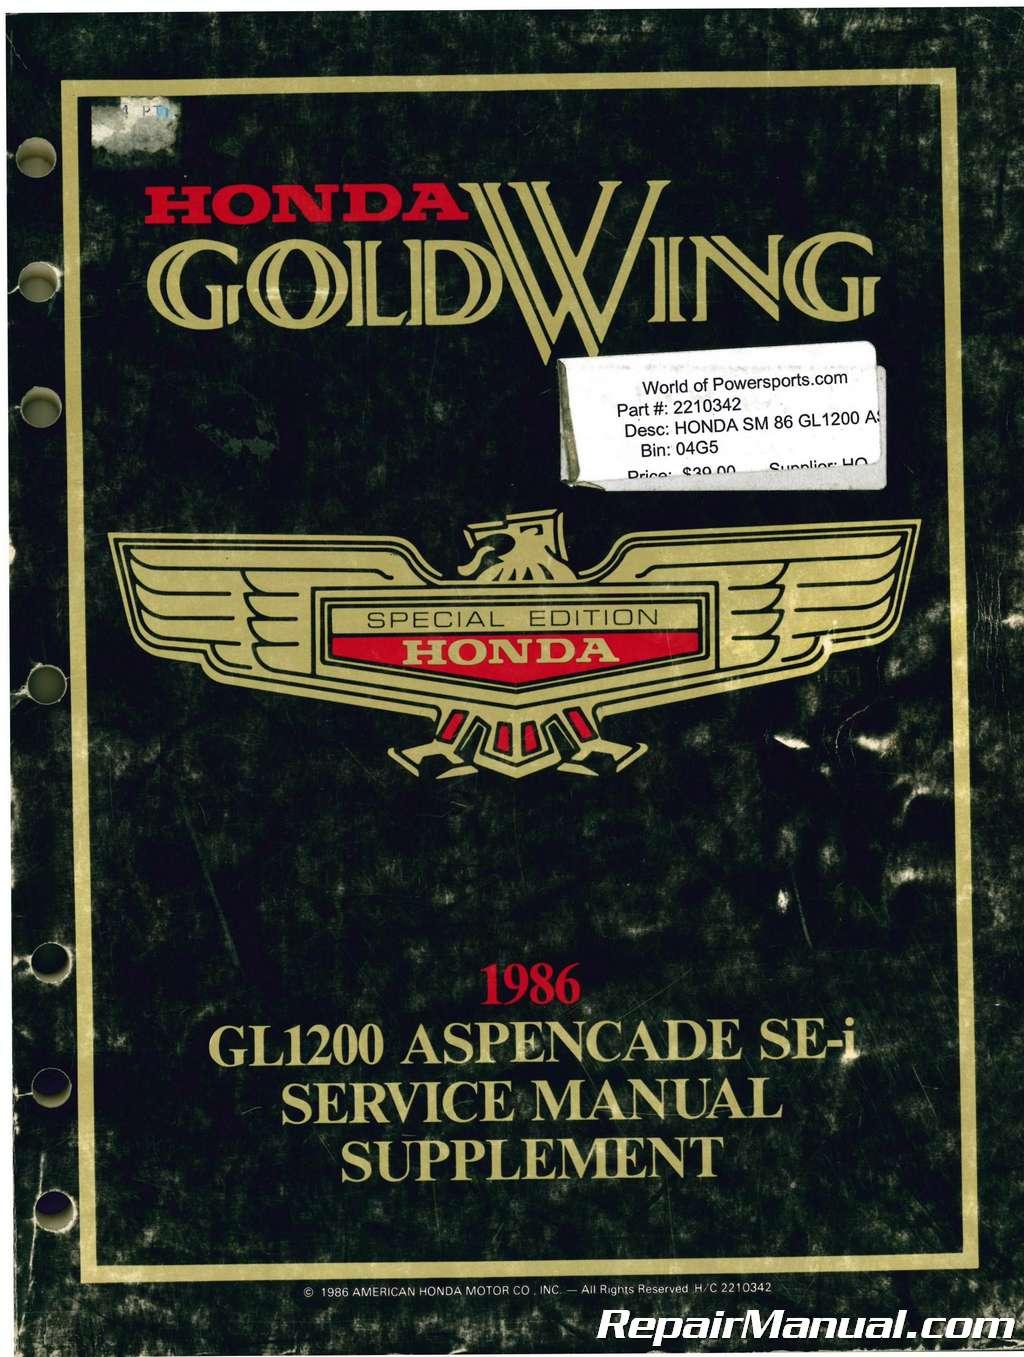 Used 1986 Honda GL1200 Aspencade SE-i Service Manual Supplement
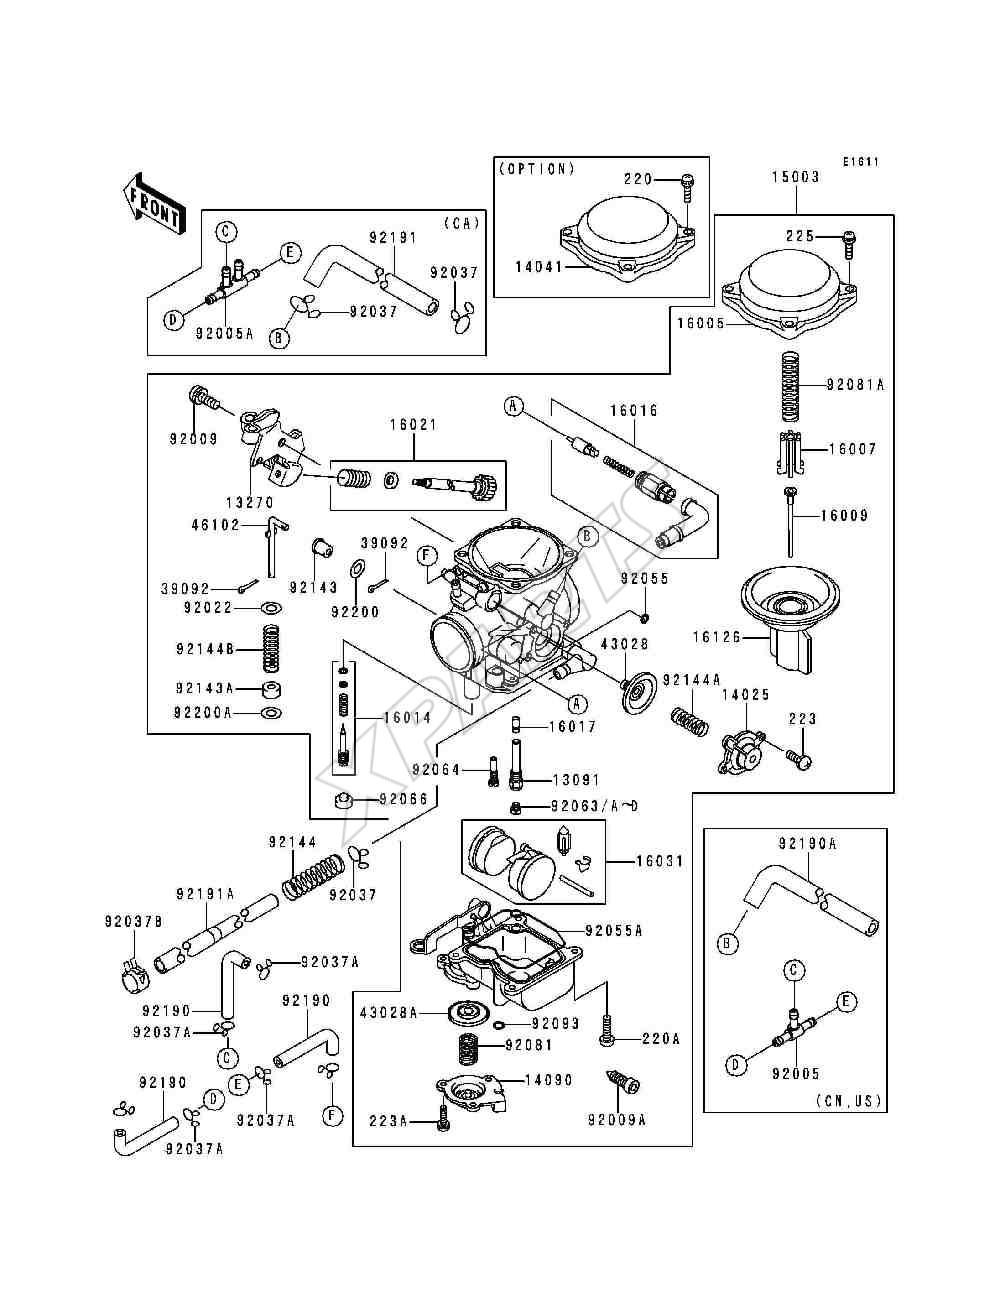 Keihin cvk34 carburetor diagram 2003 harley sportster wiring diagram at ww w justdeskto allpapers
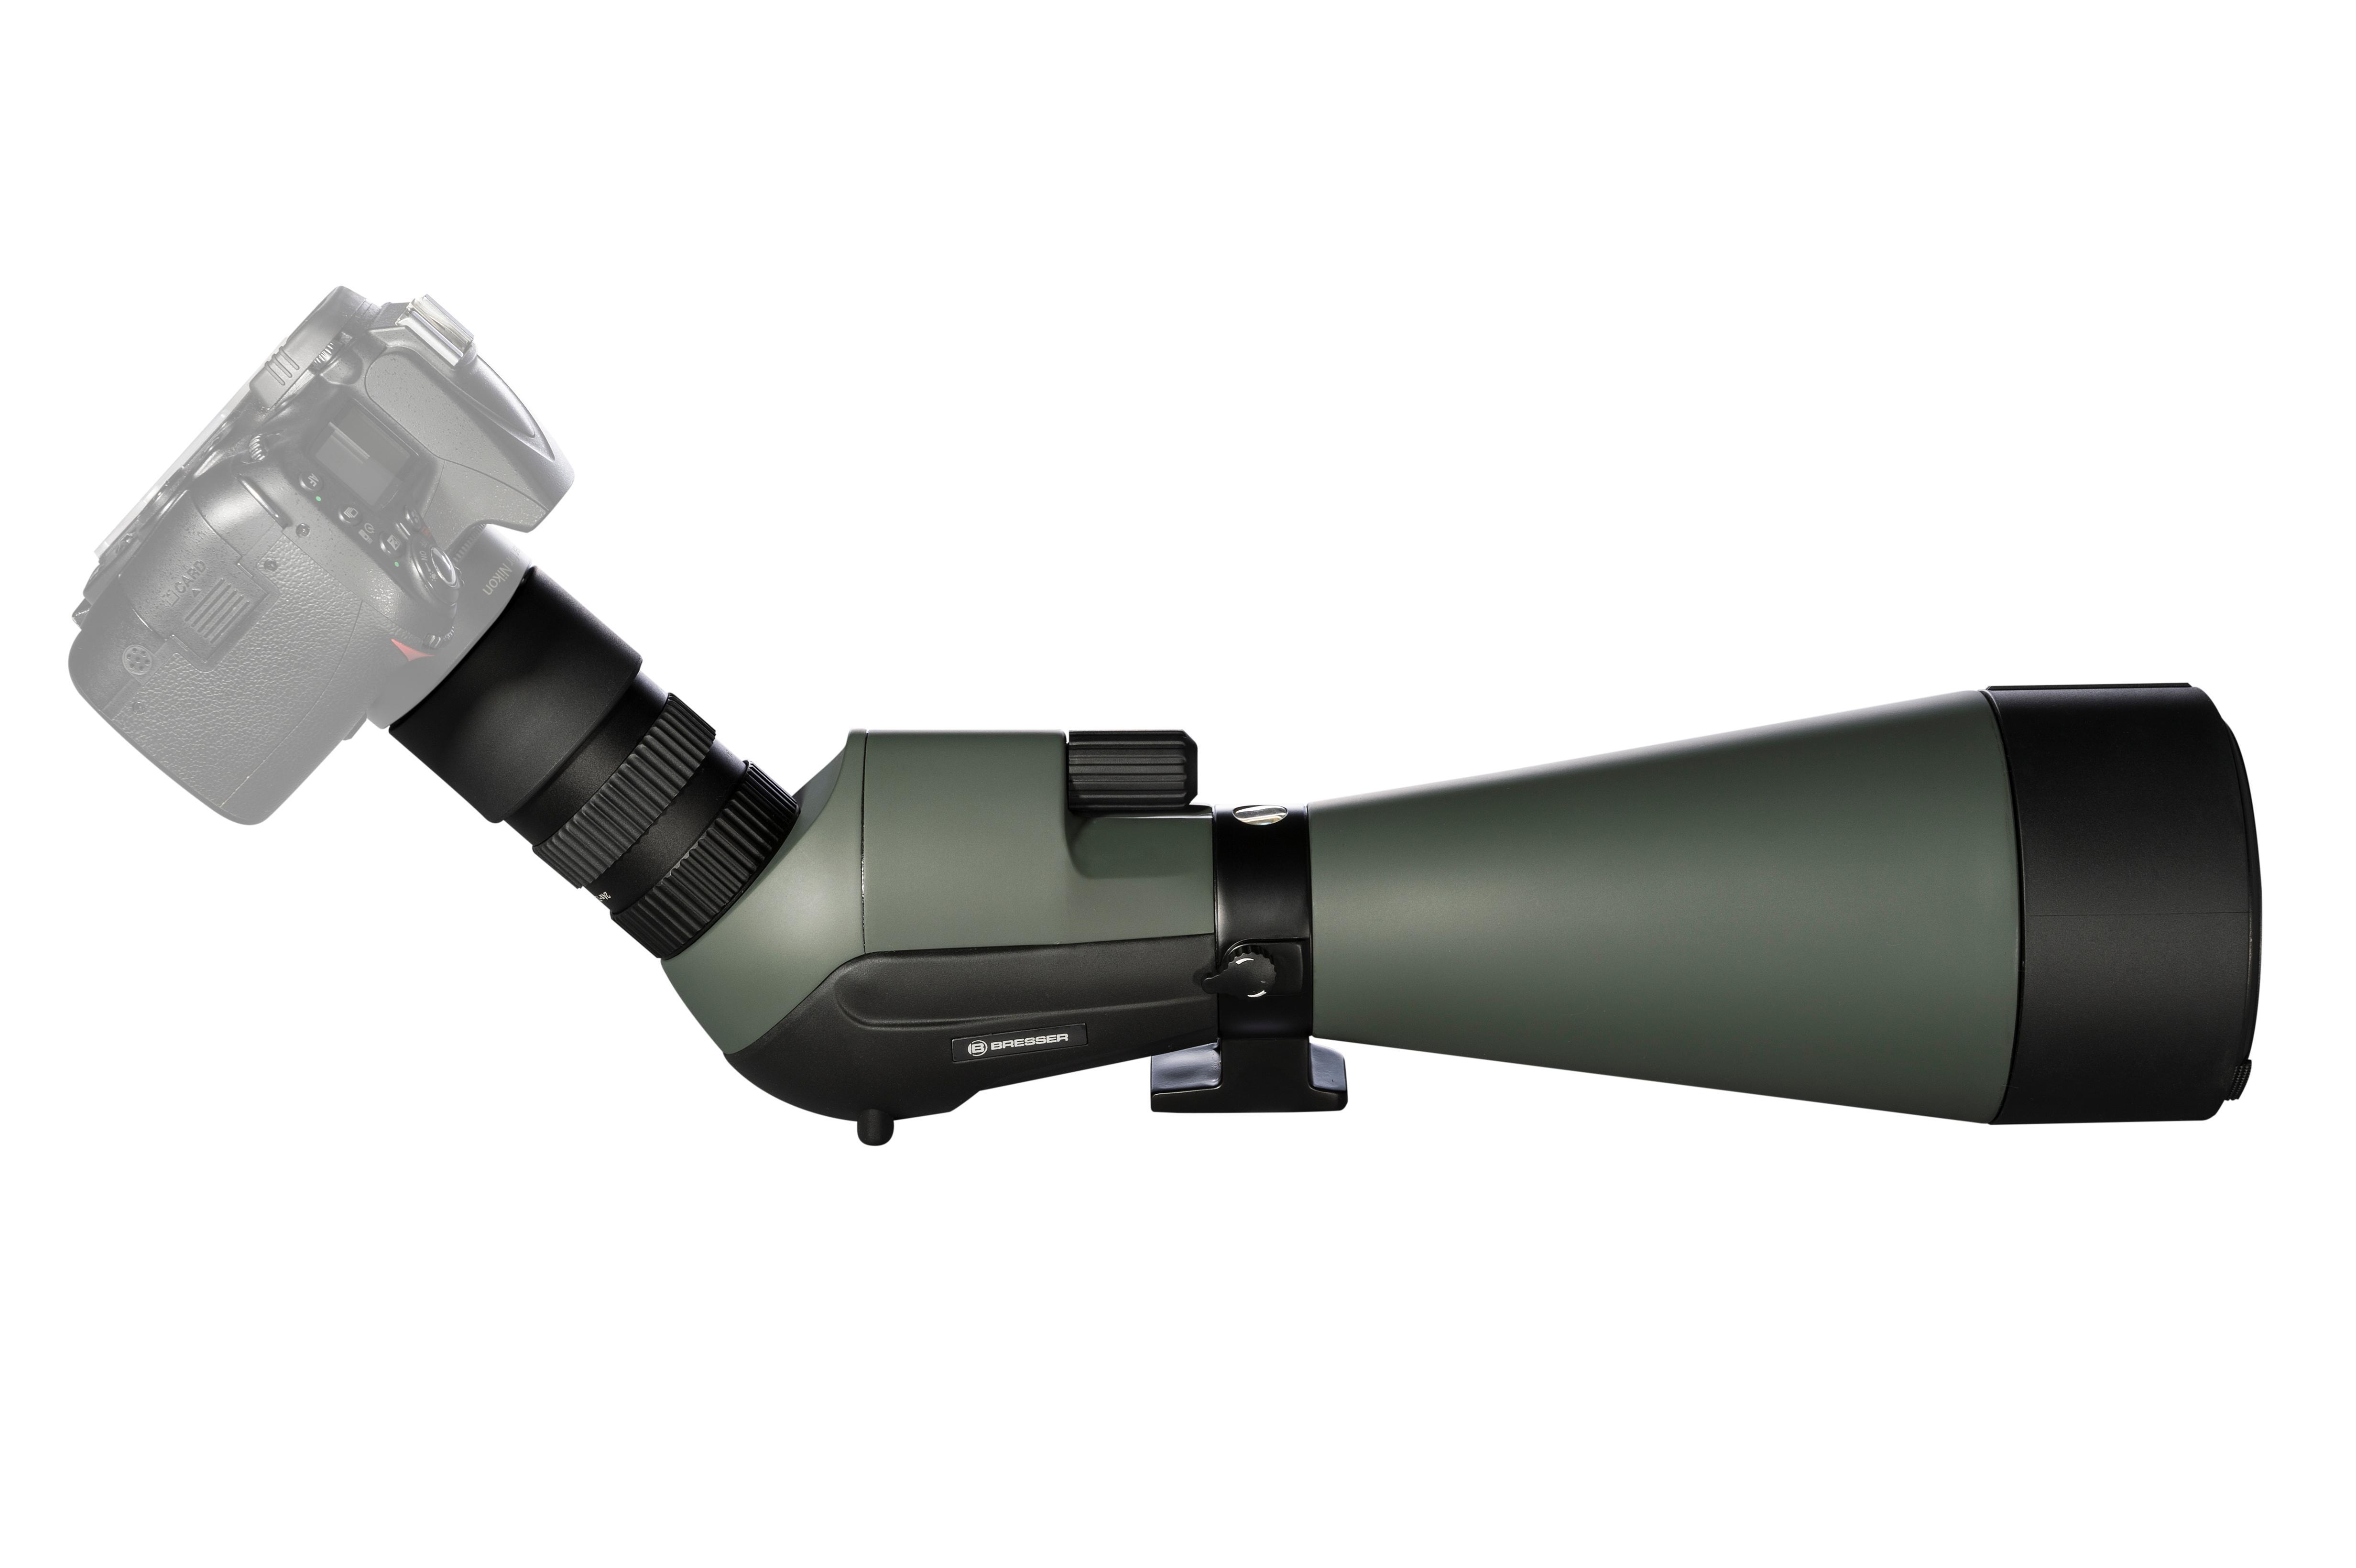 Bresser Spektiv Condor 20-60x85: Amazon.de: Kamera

◆ ◆ ◆

• Your assignment:
Every line above is to be reproduced verbatim, and the pictures are to be omitted.

• Exercise solution:
 Used 1986 Honda GL1200 Aspencade SE-i Service Manual Supplement
 Keihin cvk34 carburetor diagram 2003 harley sportster wiring diagram at ww w justdeskto allpapers
 Bresser Spektiv Condor 20-60x85: Amazon.de: Kamera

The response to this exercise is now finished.